**DATA PROVIDED:**
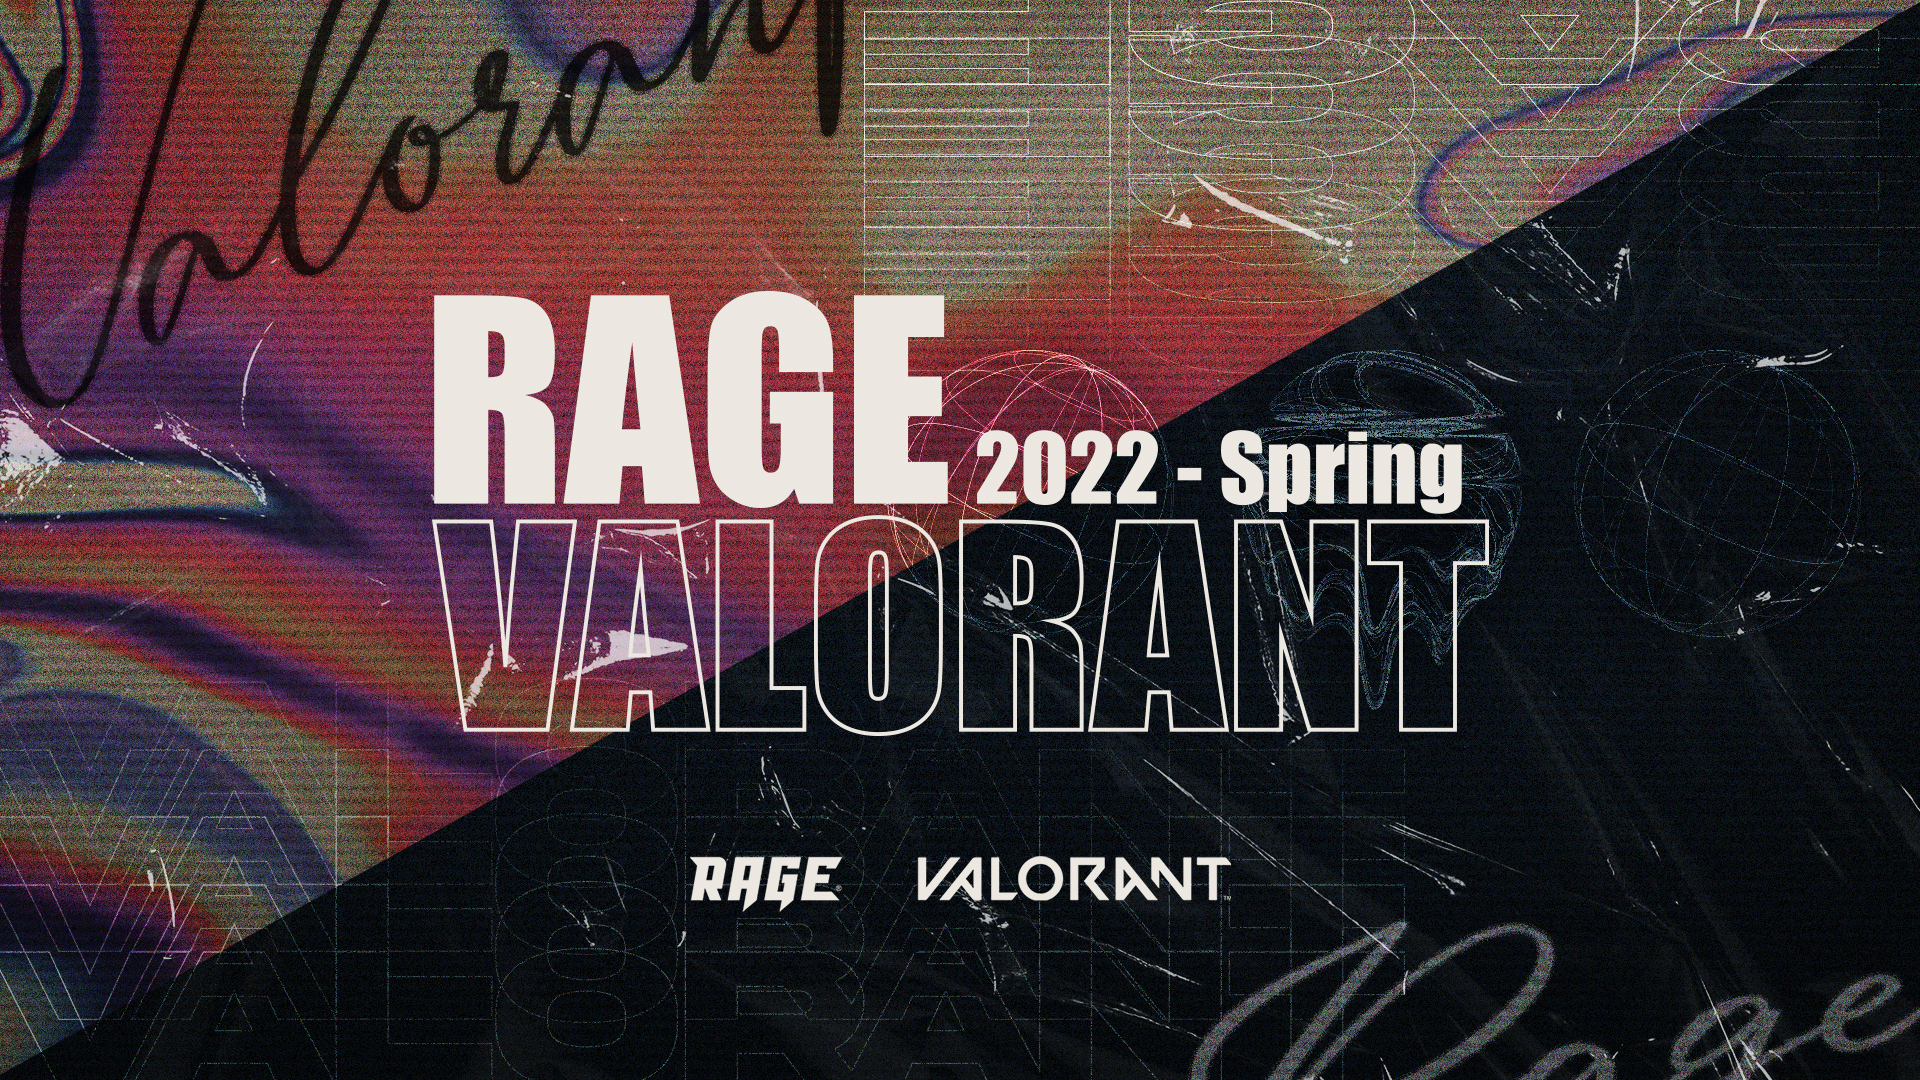 出演情報 – StylishNoob, k4sen, VALORANT部門が『RAGE VALORANT 2022 Spring』に出演
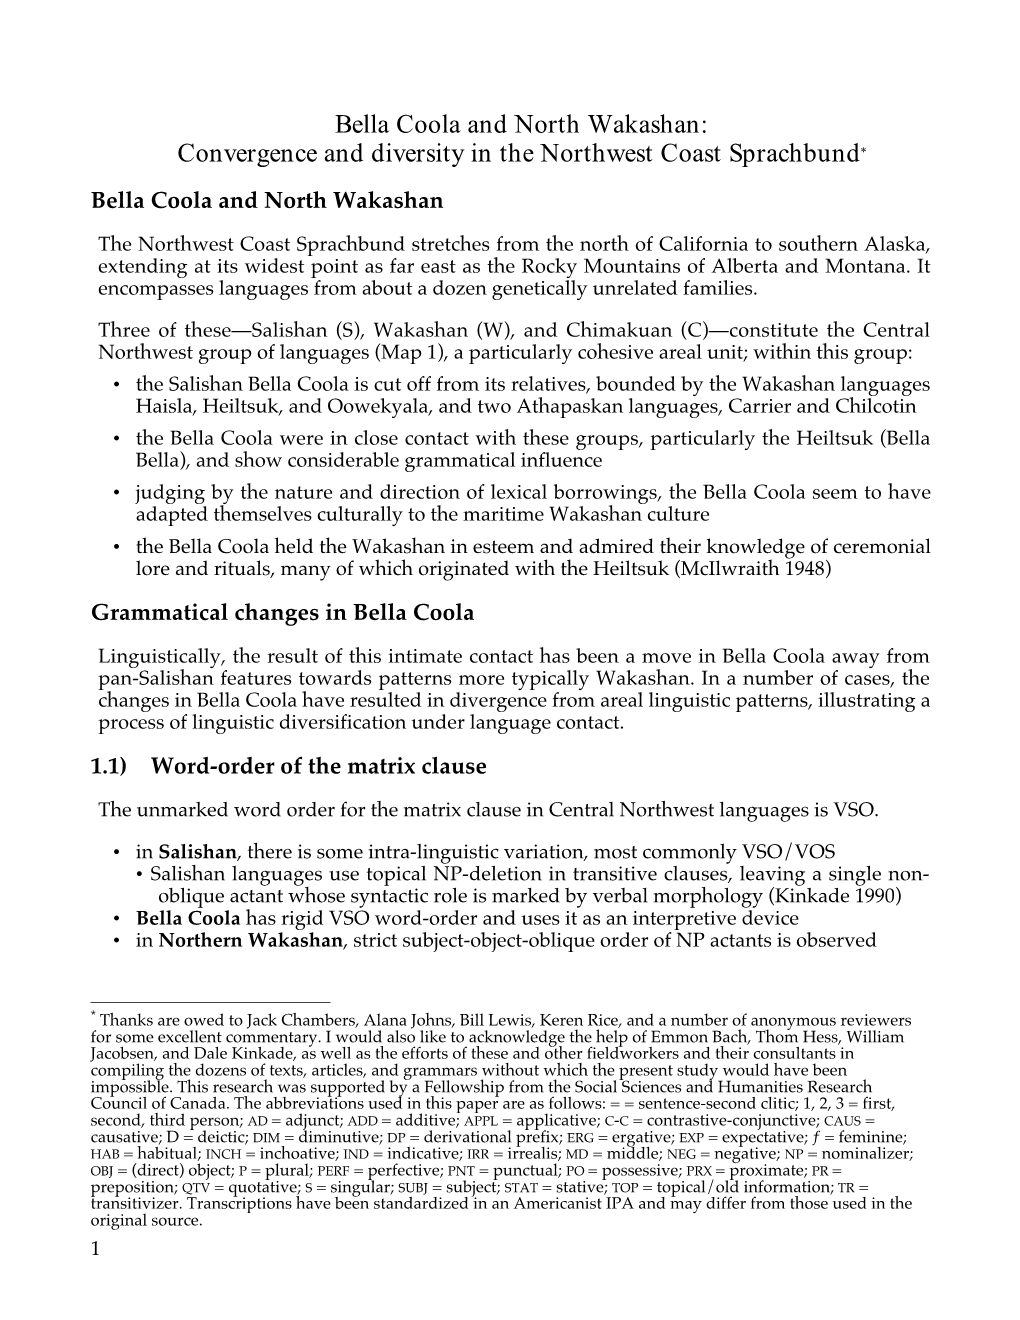 Bella Coola and North Wakashan: Convergence and Diversity in the Northwest Coast Sprachbund* Bella Coola and North Wakashan
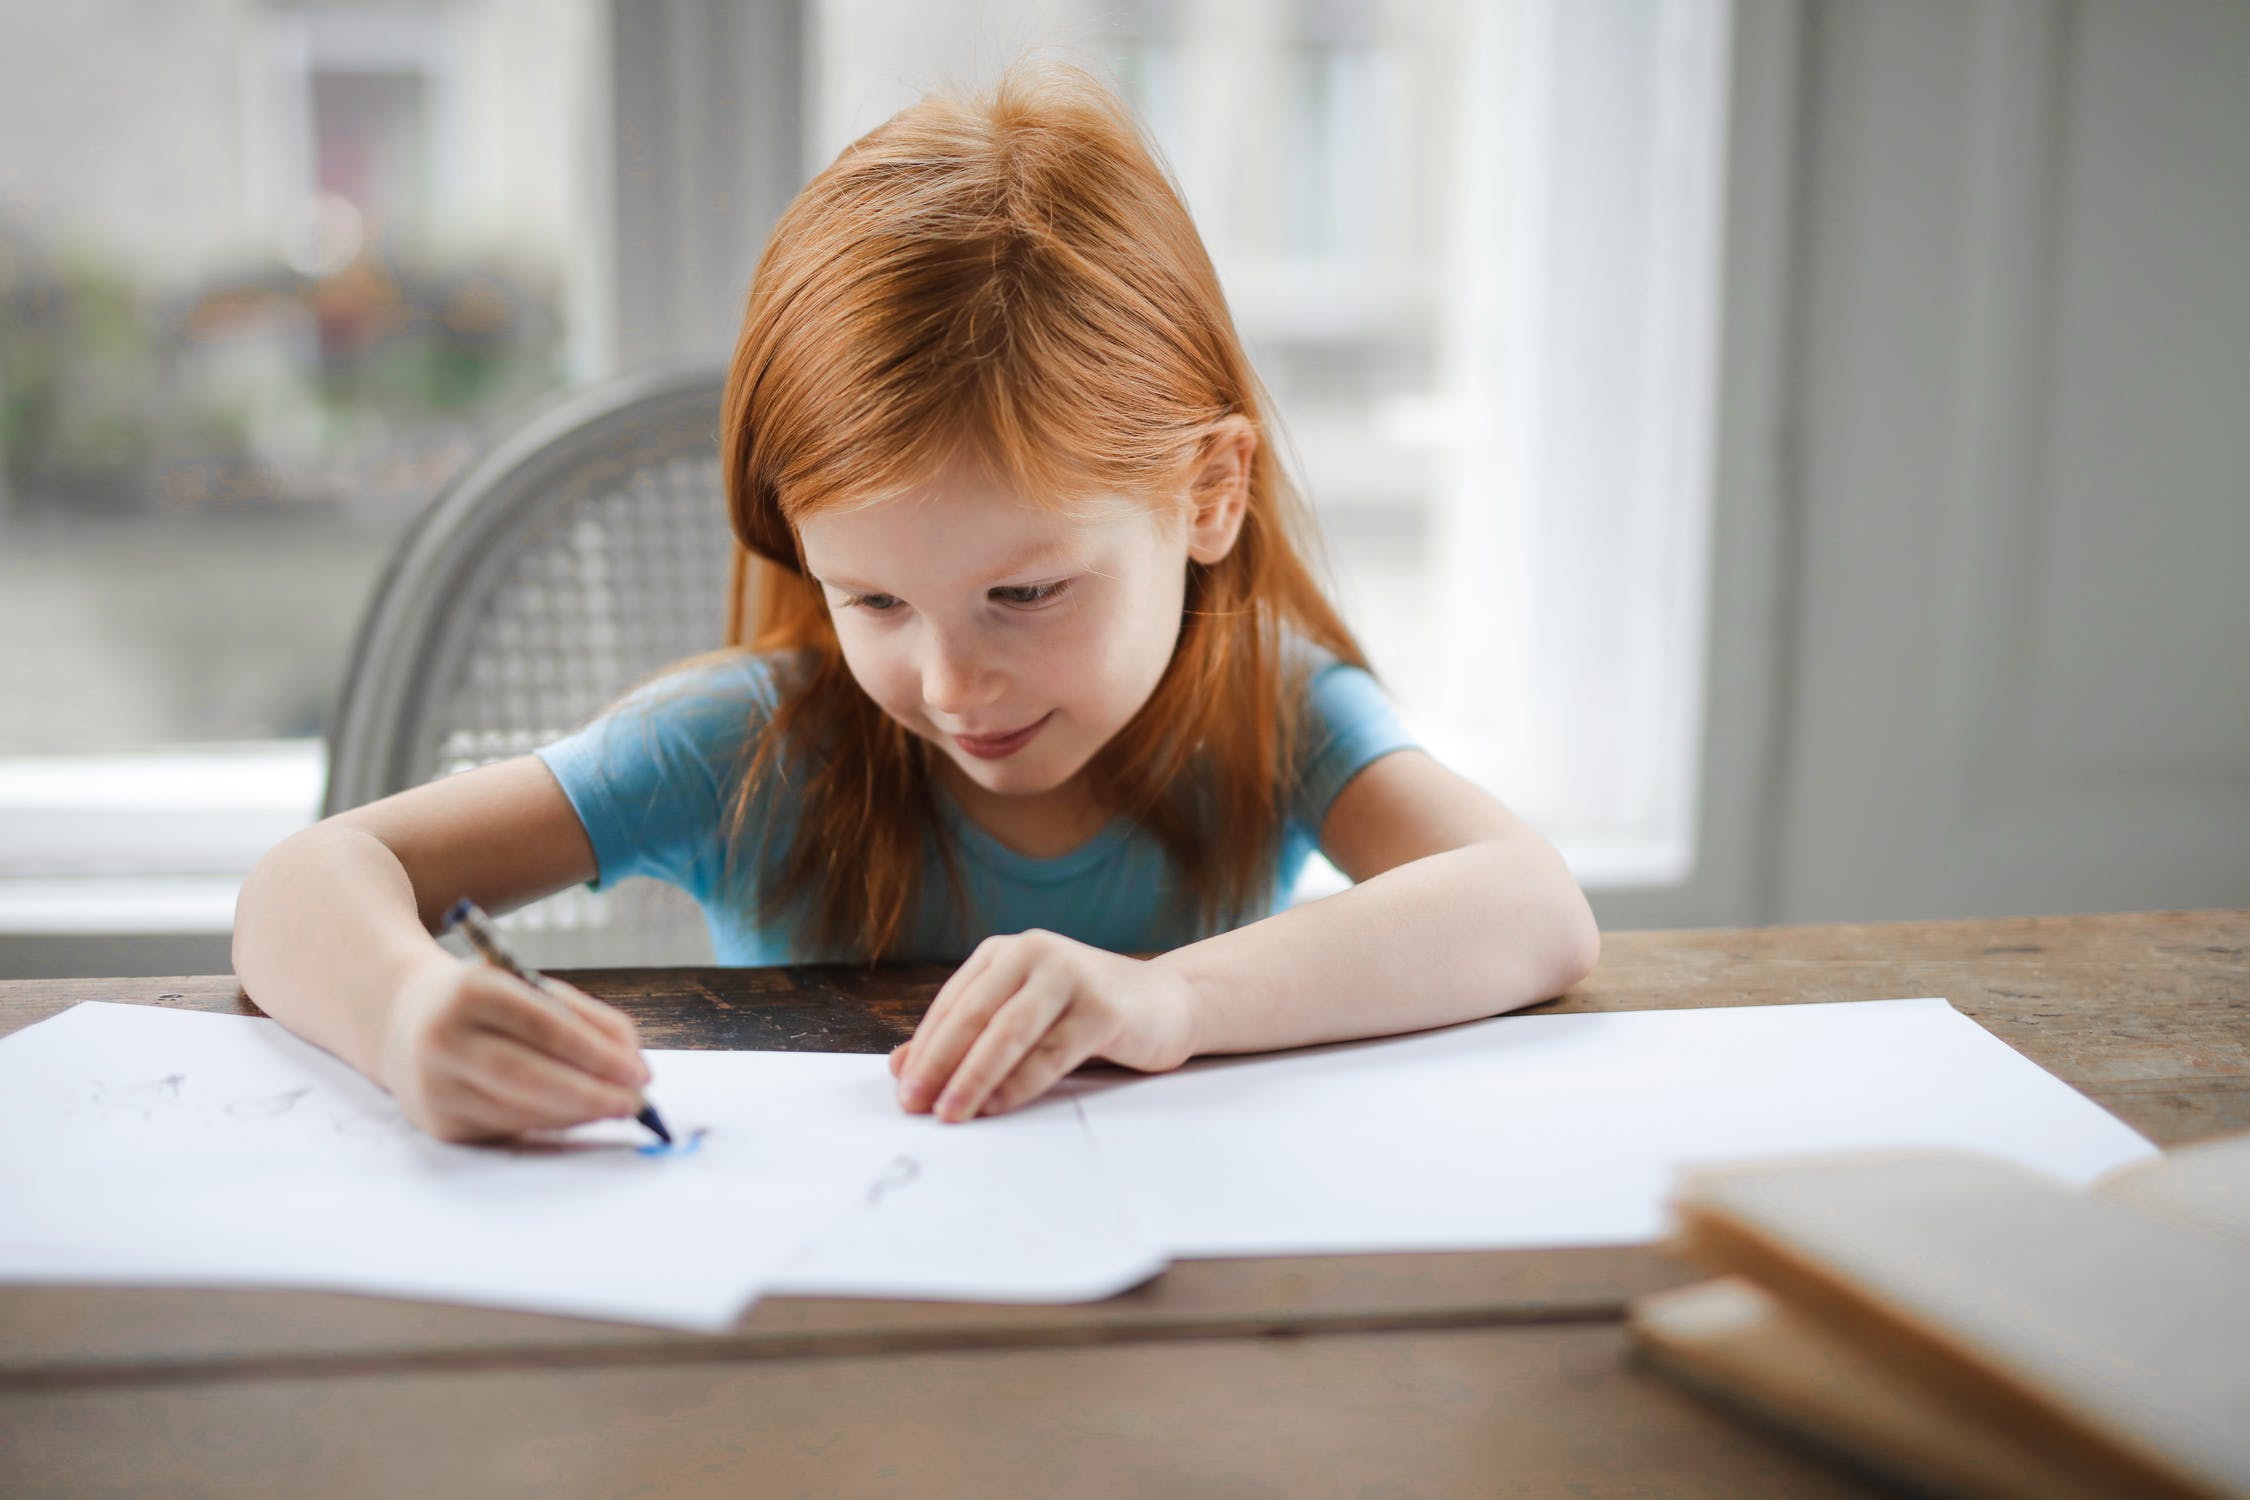 כיצד ניתן לנסות לזהות מצוקה בציורי ילדכם?

**WHAT IS BEING ASKED:** Repeat the data word for word, excluding any image.

**OUTPUT OF THE EXERCISE:**
 出演情報 – StylishNoob, k4sen, VALORANT部門が『RAGE VALORANT 2022 Spring』に出演
 Bella Coola and North Wakashan: Convergence and Diversity in the Northwest Coast Sprachbund* Bella Coola and North Wakashan
 כיצד ניתן לנסות לזהות מצוקה בציורי ילדכם?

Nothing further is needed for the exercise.